世界的なデータ統合・連携の盛り上がりに対応

セッションの冒頭、株式会社primeNumber 執行役員COO カスタマーサクセス本部長の新井 崇志は、Salesforceとの関係強化について紹介しました。primeNumberは2022年2月、米国セールスフォース・ドットコムの投資部門であるSalesforce Venturesを引受先とした第三者割当増資により、シリーズBラウンドの資金調達を完了したことを報告しました。

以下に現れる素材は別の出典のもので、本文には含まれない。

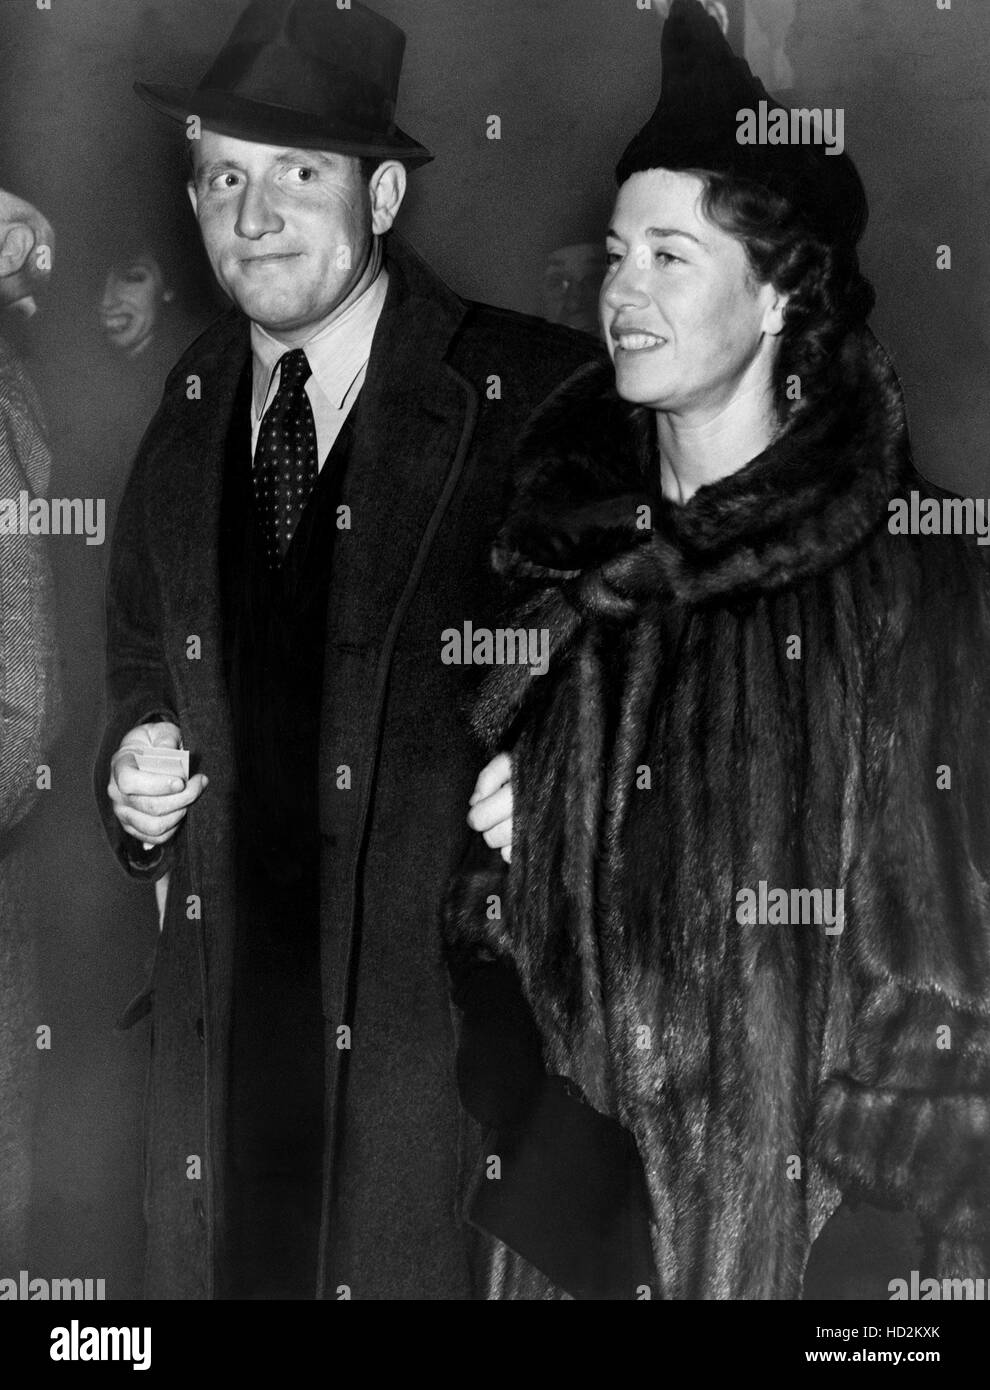 SPENCER TRACY and wife LOUISE TRACY attend premeiere of ADVENTURES OF TOM SAWYER, 1938 Stock Photo
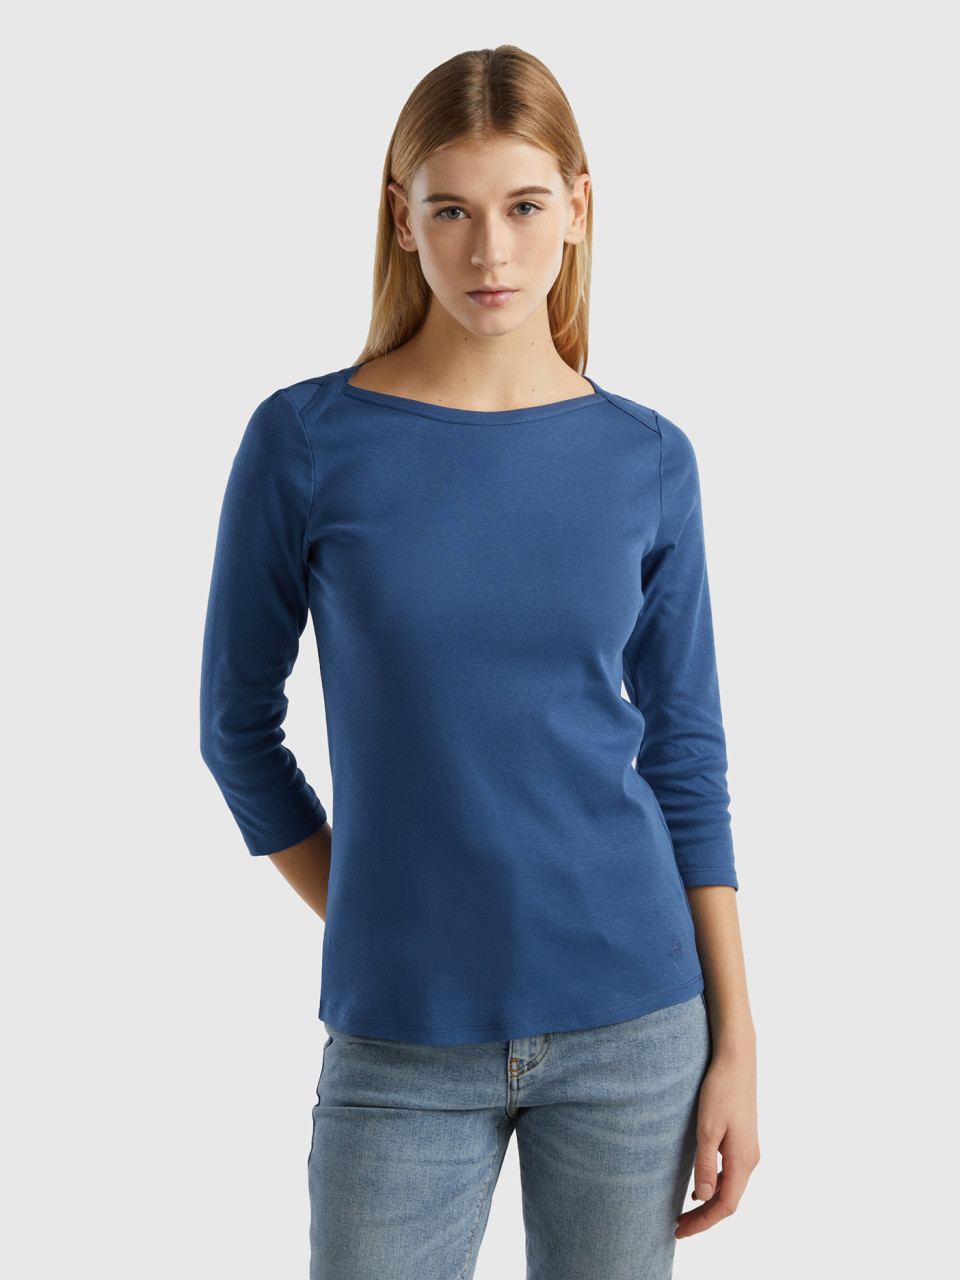 Benetton, T-shirt With Boat Neck In 100% Cotton, Air Force Blue, Women

そして、株式会社セールスフォース・ジャパンの常務執行役員でSalesforce Ventures 日本代表・パートナーの浅田 賢氏は、投資先としてprimeNumberに期待する理由を説明します。具体的には、「データ統合・連携ソリューションの世界的な盛り上がり」「プロダクトが企業を成長させるPLG(Product Led Growth)の爆発的な伸び」「将来の海外展開による成長の可能性」の3点を挙げました。

「様々なWebサービスなどの拡大により、世界中で日々膨大なデータが生まれ続けています。そのデータの統合・活用が、ビジネスユーザーにとって喫緊の課題になる中、trocco®はまさに、プロダクトがプロダクトを売るPLGを体現した製品であると期待しています」(浅田氏)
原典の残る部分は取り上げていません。